- Anthropic: Support for [extended thinking](https://inspect.aisi.org.uk/reasoning.html#claude-3.7-sonnet) features of Claude Sonnet 3.7 (minimum version of `anthropic` package bumped to 0.47.1).
- Reasoning: `ContentReasoning` type for representing model reasoning blocks.
- Reasoning: `reasoning_tokens` for setting maximum reasoning tokens (currently only supported by Claude Sonnet 3.7)
- Reasoning: `reasoning_history` can now be specified as "none", "all", "last", or "auto" (which yields a provider specific recommended default).
- Web Browser: [Various improvements](https://github.com/UKGovernmentBEIS/inspect_ai/pull/1314) to performance and robustness along with several bug fixes.
- OpenAI: Provide long connection (reasoning friendly) socket defaults in http client
- OpenAI: Capture `reasoning_tokens` when reported.

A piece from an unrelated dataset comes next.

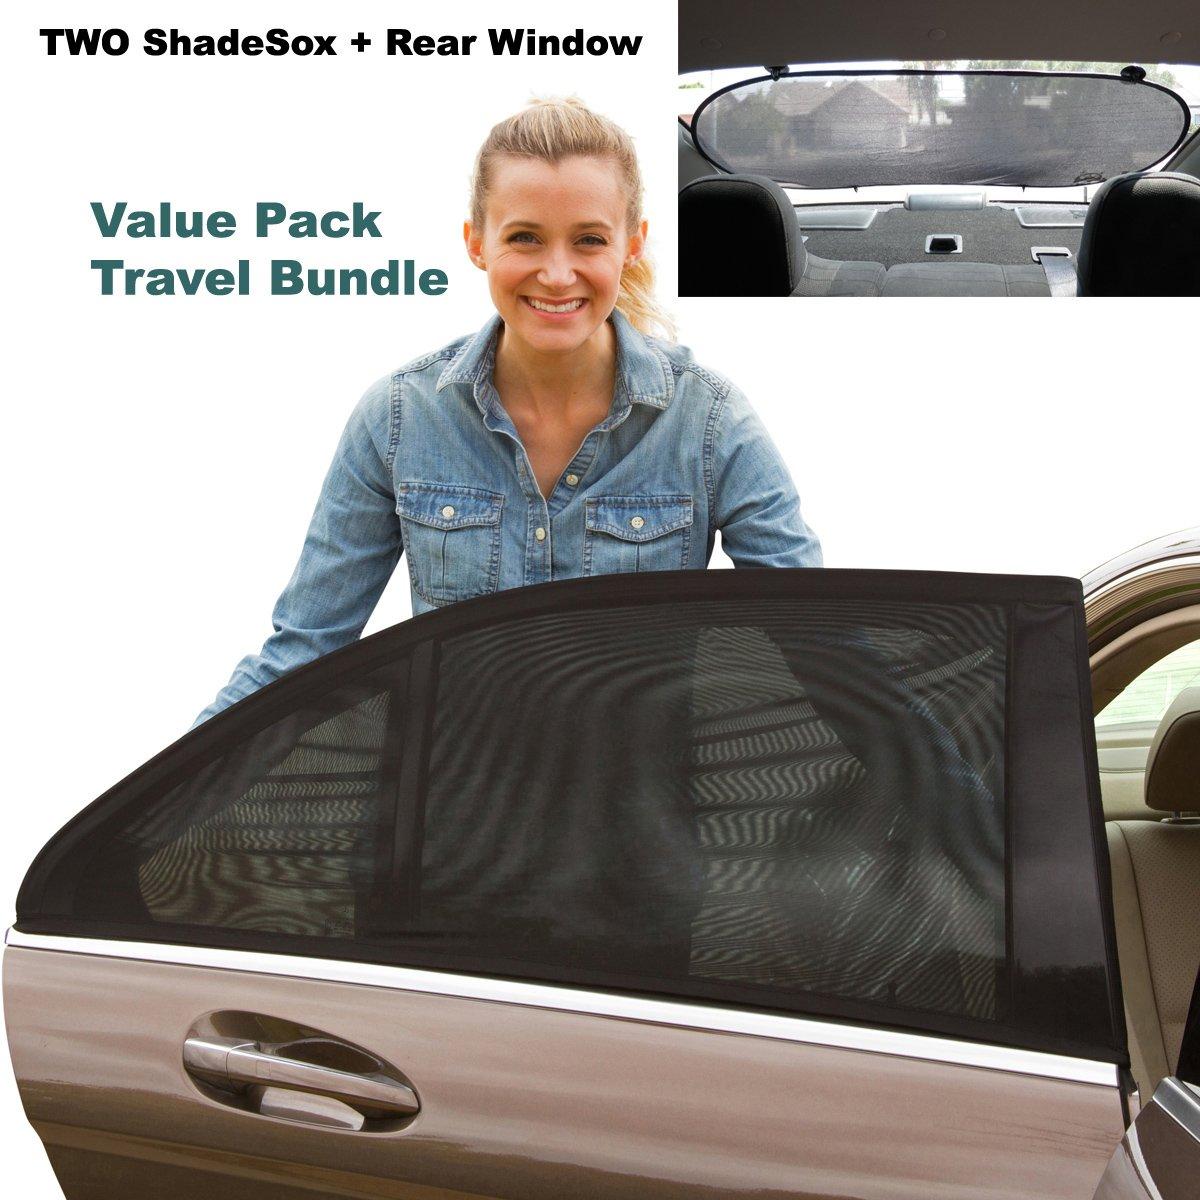 Covercraft UV10787BL Blue Metallic UVS 100 Custom Fit Sunscreen for Select Lexus SC430 Models Laminate Material 1 Pack
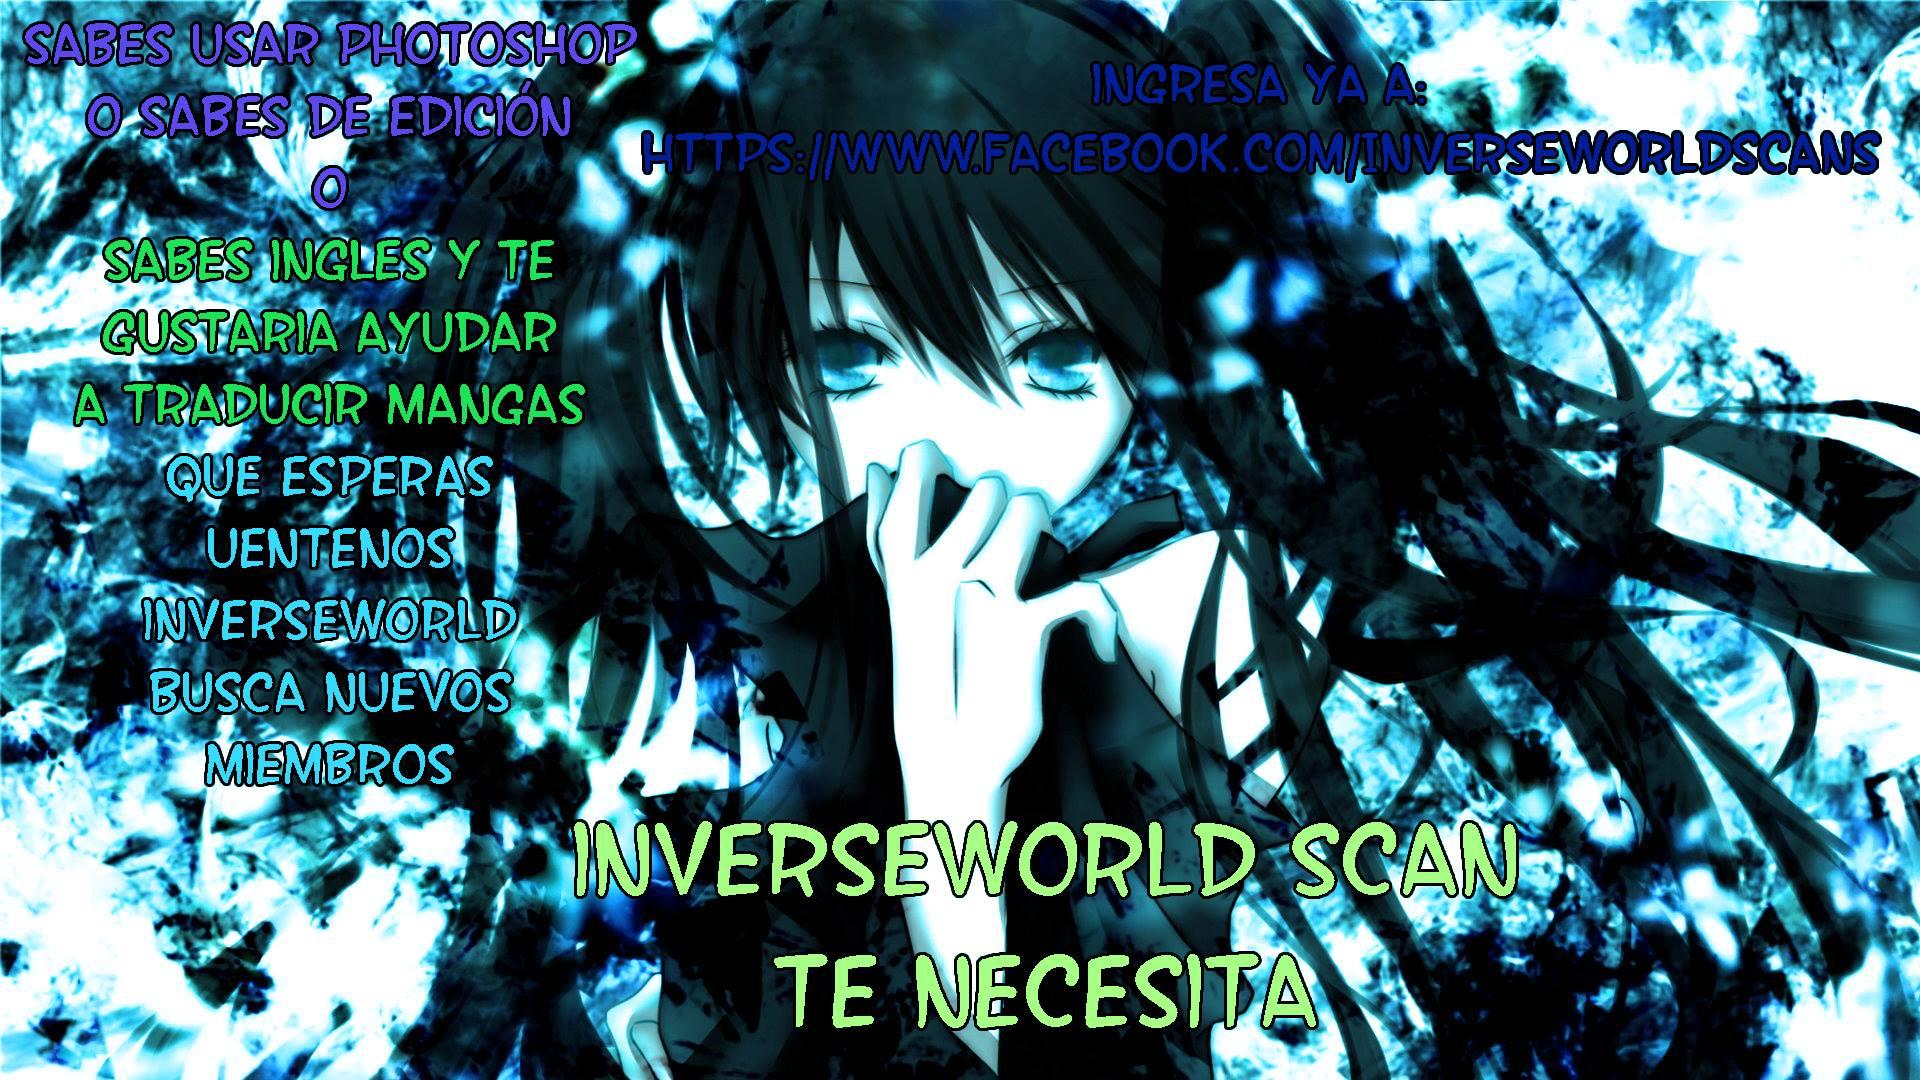 http://c5.ninemanga.com/es_manga/18/16210/415301/b48c62590e6d0cda7b99d3c4053a412b.jpg Page 1

- OpenAI: Retry on rate limit requests with "Request too large".
- OpenAI: Tolerate `None` for assistant content (can happen when there is a refusal).
- Google: Retry requests on more HTTP status codes (selected 400 errors and all 500 errors).
- Event Log: Add `working_start` attribute to events and `completed` and `working_time` to model, tool, and subtask events.
- Human Agent: Add `task quit` command for giving up on tasks.
- Human Agent: Don't emit sandbox events for human agent
- Inspect View: Improve rendering of JSON within logging events.
- Inspect View: Improve virtualized rendering of Sample List, Sample Transcript, and Sample Messages.
- Task Display: Let plugins display counters ('rich' and 'full' display modes only).
- Inspect View: Fix layout issues with human agent terminal session playback.
- Inspect View: Improve tool input / output appearance when rendered in VSCode.
- Inspect View: Display reasoning tokens in model usage for the samples and for the complete eval.
- Inspect View: Improve model api request / response output when rendere in VSCode.
- Inspect View: Improve rendering of some tool calls in the transcript.
- Bugfix: Fix audio and video inputs for new Google GenAI client.
- Bugfix: Ensure that token limits are not enforced during model graded scoring.
- Bugfix: Catch standard `TimeoutError` for running shell commands in the computer tool container.
- Bugfix: Correct combination of consecutive string based user messages for Anthropic provider.